Total amount of mechanical ventilation in hours distributed according to patient-prosthesis mismatch.
Figure 5.
Total length of in-hospital stay in days distributed according to patient-prosthesis mismatch.
Table 3 shows the different types of bioprosthetic valves used. The Carpentier Edwards Standard (Edwards Lifesciences, Irvine, CA), and the Mosaic Porcine (Medtronic, Minneapolis, MN) were the most commonly used, 53% and 39% of the time, respectively. A valve size of 21 mm was implanted in 31% of the surgeries, making it the most frequently used, while a valve size of 23 mm was the second most common, being used 29% of the time.
Independent Risk Factors: Univariate analysis from preoperative data showed that female gender and renal failure were statistically associated with severe PPM. Diabetes mellitus and ACE inhibitors use were associated with the moderate PPM group but not with the severe PPM group. Further multivariable analysis demonstrated that female gender was associated with severe mismatch (p<0.001), even when compared with the nonsignificant as well as the moderate PPM groups.
DISCUSSION
In patients undergoing AVR, PPM is a commonly encountered problem that leads to worsened hemodynamic function, less regression of left ventricular hypertrophy, and more cardiac events with lower survival rates (4,11,12). Other studies have demonstrated an association between female gender and higher operative mortality after valvular heart surgery (15).
Our results indicate that female gender is an independent risk factor for severe prosthesis-patient mismatch. This association was observed after the body surface area of the severe mismatch group proved not to be significantly different when compared with the group without any mismatch. When compared with men, women in general have a smaller body surface area and a smaller aortic annulus. Accordingly, PPM has proven to be more common in older females with concomitant coronary artery disease (16-18).

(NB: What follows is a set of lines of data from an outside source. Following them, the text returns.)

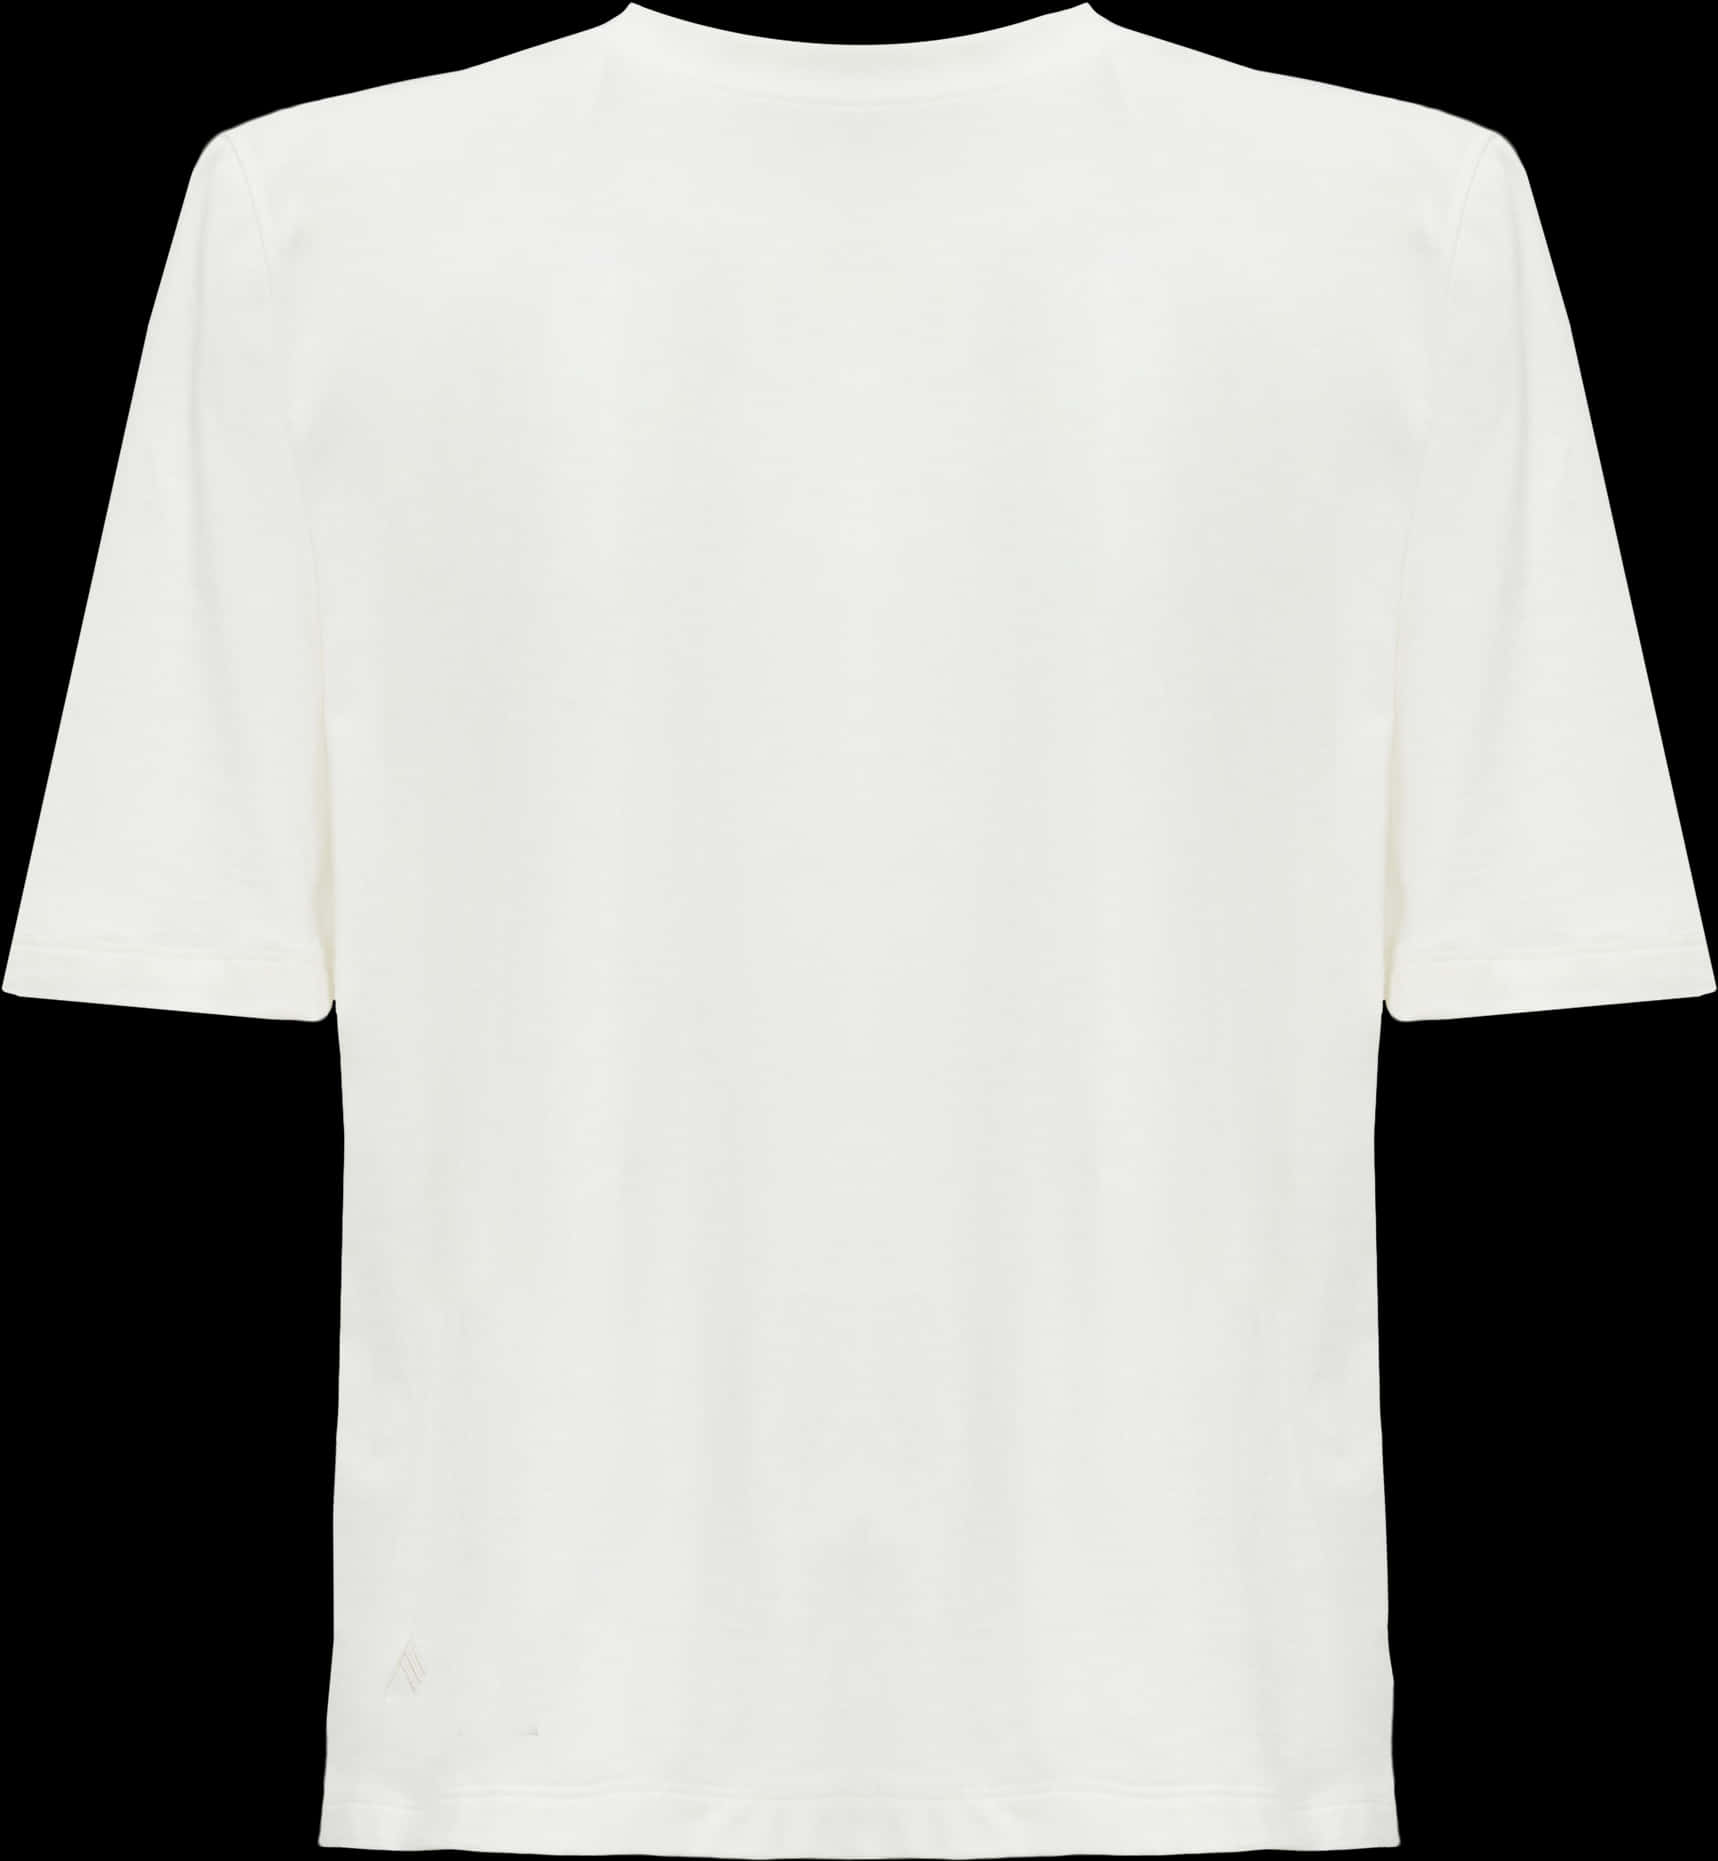 Plain White T Shirt Front View PNG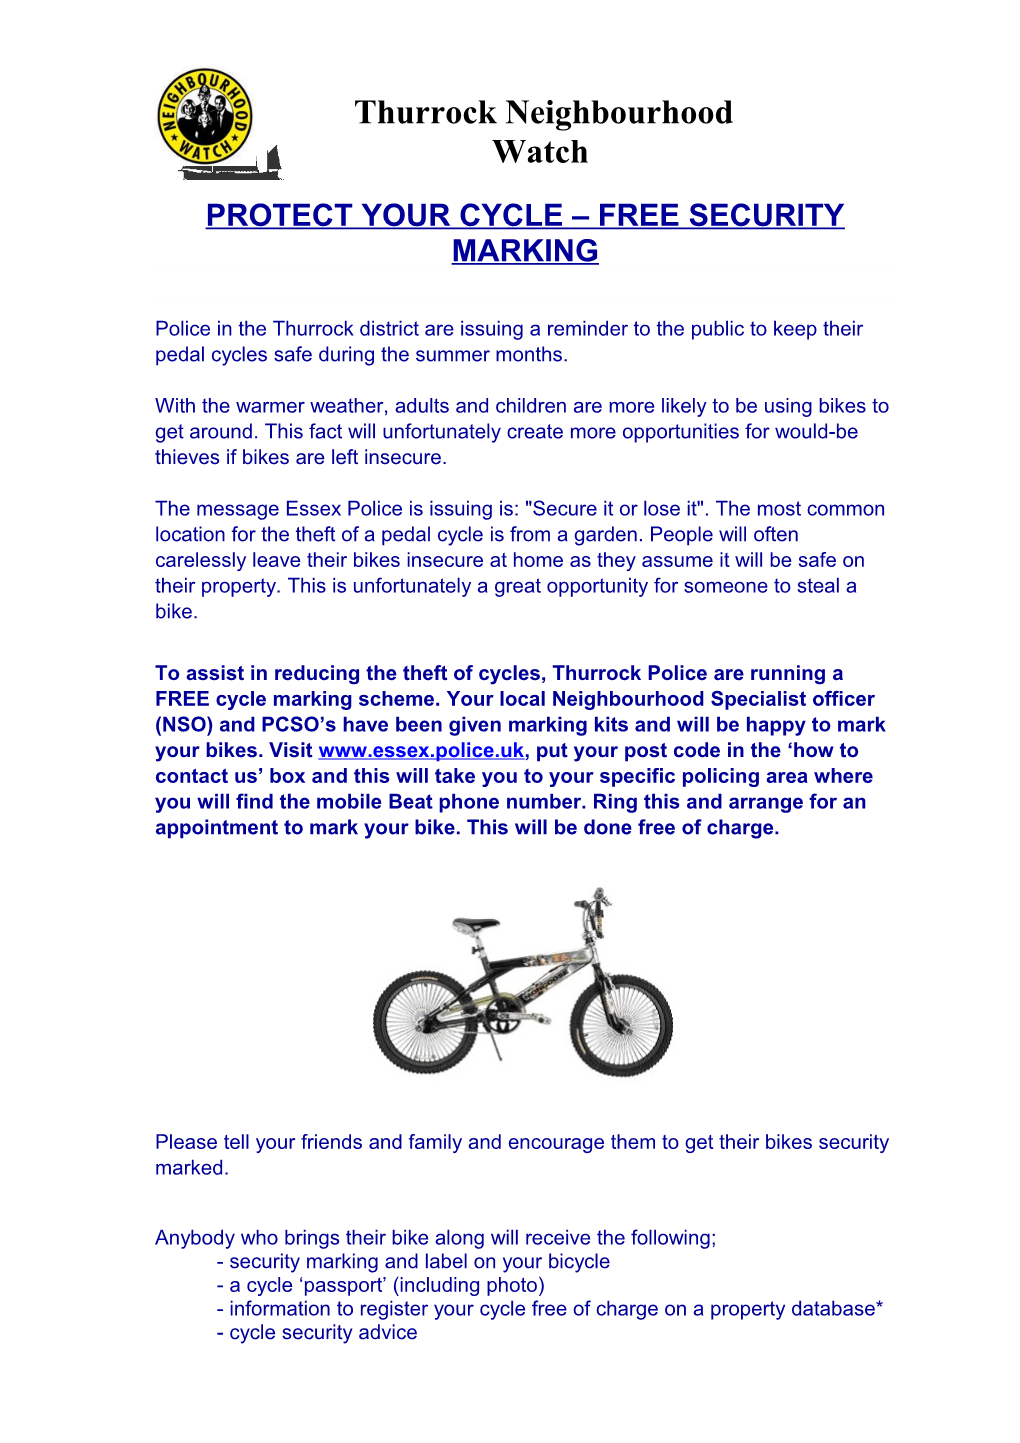 Theft of Bike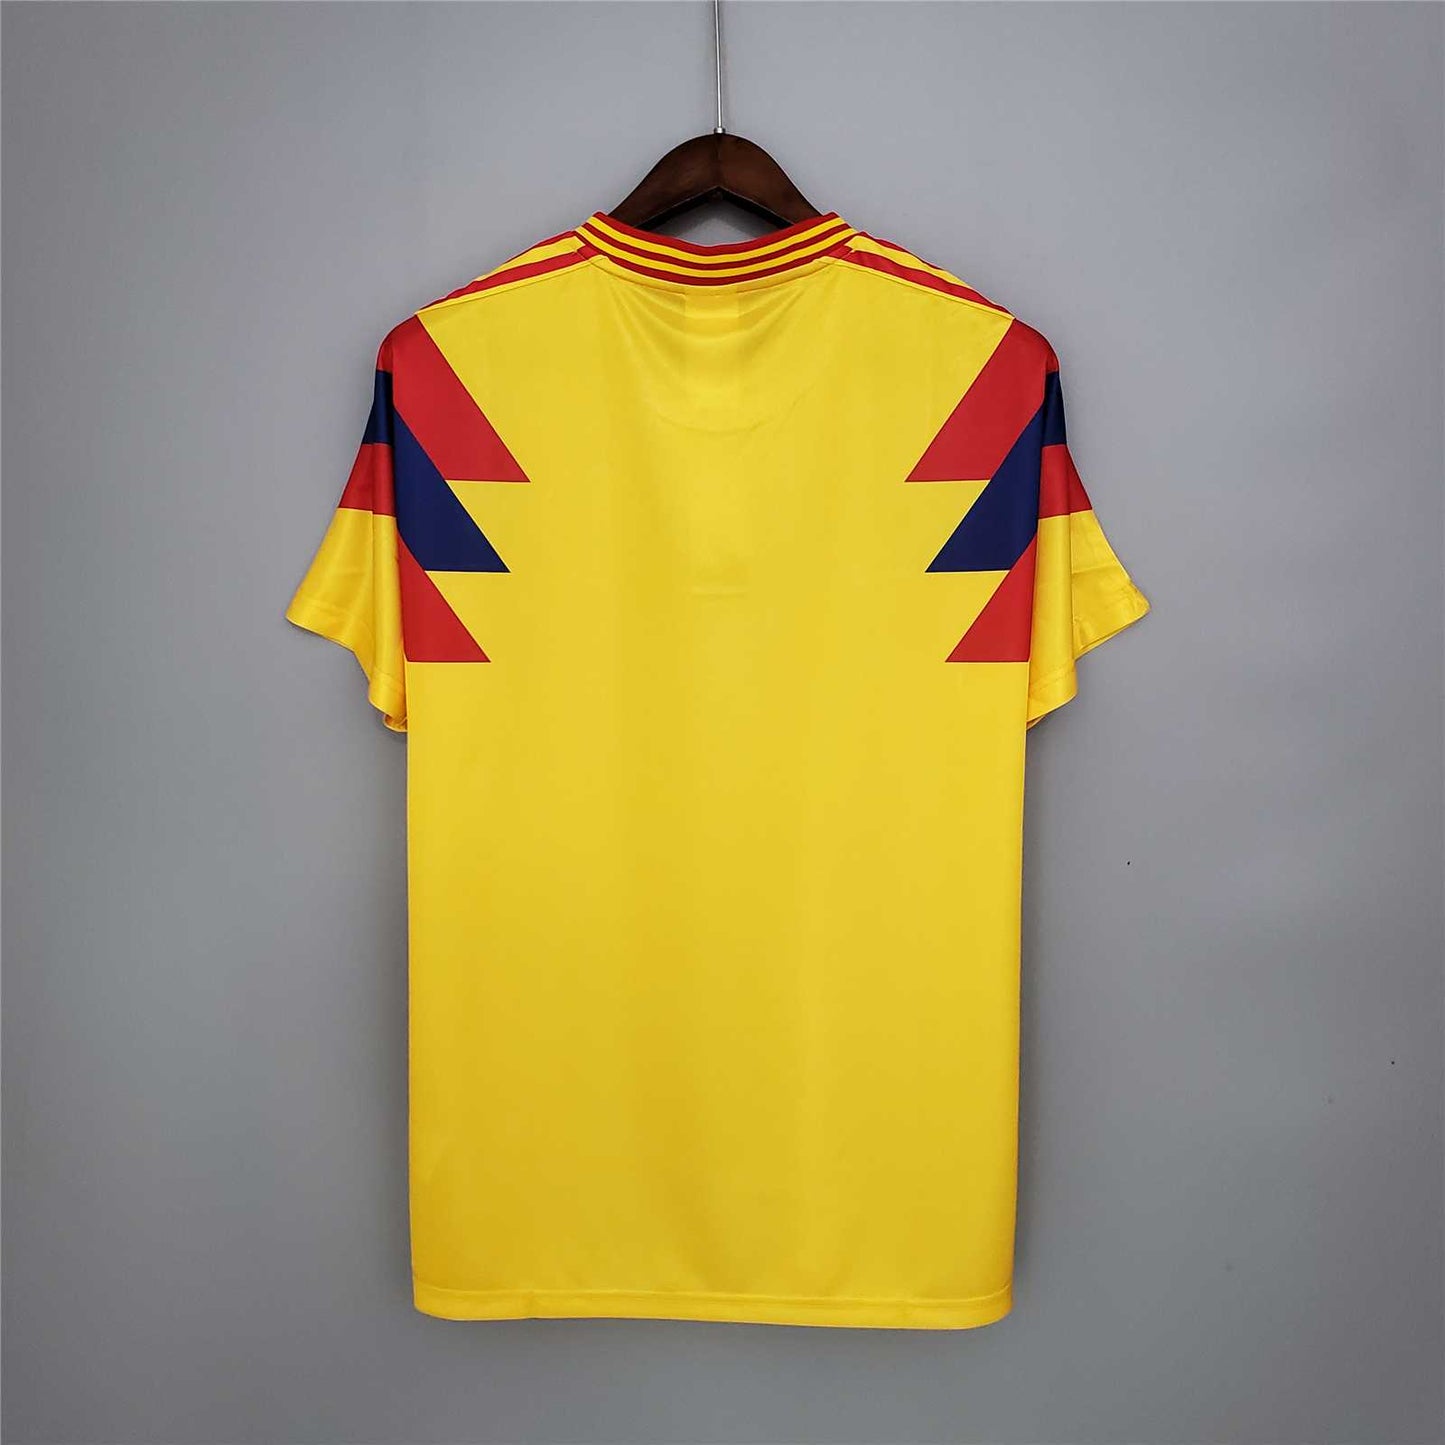 Selección de Colombia. Camiseta local 1990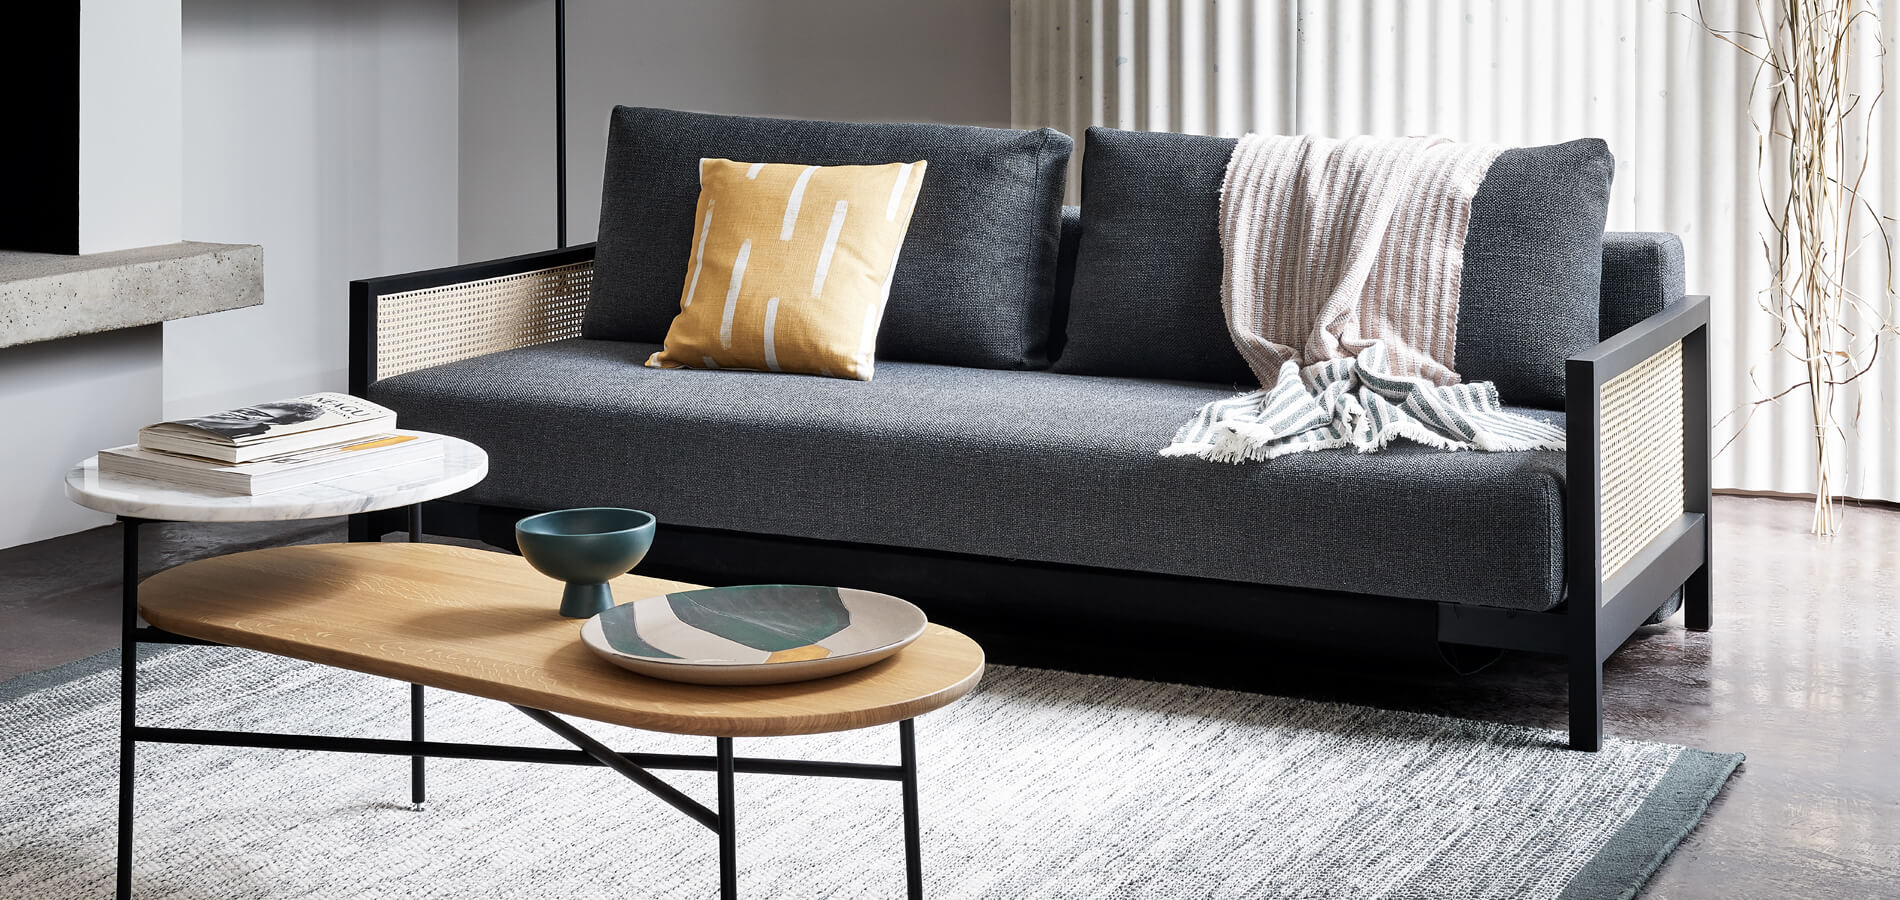 Arrange Cushions On A Sofa

Our study demonstrated that 82 percent of severe mismatches corresponded to females without differences in age or any other baseline characteristics. Interestingly, this particular group had the shortest operative times. It is our impression that the use of smaller prosthetic valves for small and severely calcified annuli may have shortened the surgical times. It is possible that the reason is associated with the fact that surgeons did not have to enlarge the aortic root. PPM is therefore more frequently encountered in females, and the discrepancy between the inadequate size of both the prosthesis and the patient have proven to be risk factors for mortality (4,12,13). At the same time, the female heart responds differently than the male heart does for the same degree of left ventricular outflow obstruction, resulting in smaller end-systolic chamber size and higher pressures in the female heart response (18). This is particularly common with elderly patients with an excessive or inappropriate degree of hypertrophy; wall thickness is greater than necessary to counterbalance the high intracavitary pressures. As a result, the systolic wall stress is lower, and the ejection fraction is higher; such inappropriate LV hypertrophy has been associated with higher perioperative morbidity and mortality (17-19).
We found a significant impact of severe PPM on the intensive care unit length of stay and on the total hospital length of stay. Because of the nature of the study, we cannot establish a causal relationship between the degree of PPM and the findings. However, it has been demonstrated that abnormal intracavitary flow accelerations (defined as the presence of a dagger-shaped intracavitary flow signal on continuous-wave Doppler) after aortic valve replacement for severe aortic stenosis are associated with concentric left ventricular hypertrophy and supernormal systolic function. The abnormal intracavitary flow acceleration and concentric left ventricular hypertrophy were associated with higher in-hospital mortality, morbidity and prolonged intubation (17-20). Although not directly investigated in our study, this may have played a role in our patients.
We demonstrated that minimally invasive surgery may be related to a higher frequency of moderate PPM, but also to a lower rate of severe PPM; we believe that if this is confirmed, it is likely to have clinical implications with respect to the selection of a particular surgical technique. For this reason, we are currently prospectively exploring this possibility in our institution.
This study highlights the importance of avoiding PPM, particularly in females who react differently from a pathophysiologic standpoint. Aortic PPM can be avoided through optimal prosthesis selection in the individual patient by calculating the necessary indexed EOA prior to surgery (3). This is particularly important in patients with left ventricular dysfunction and/or severe left ventricular hypertrophy (3).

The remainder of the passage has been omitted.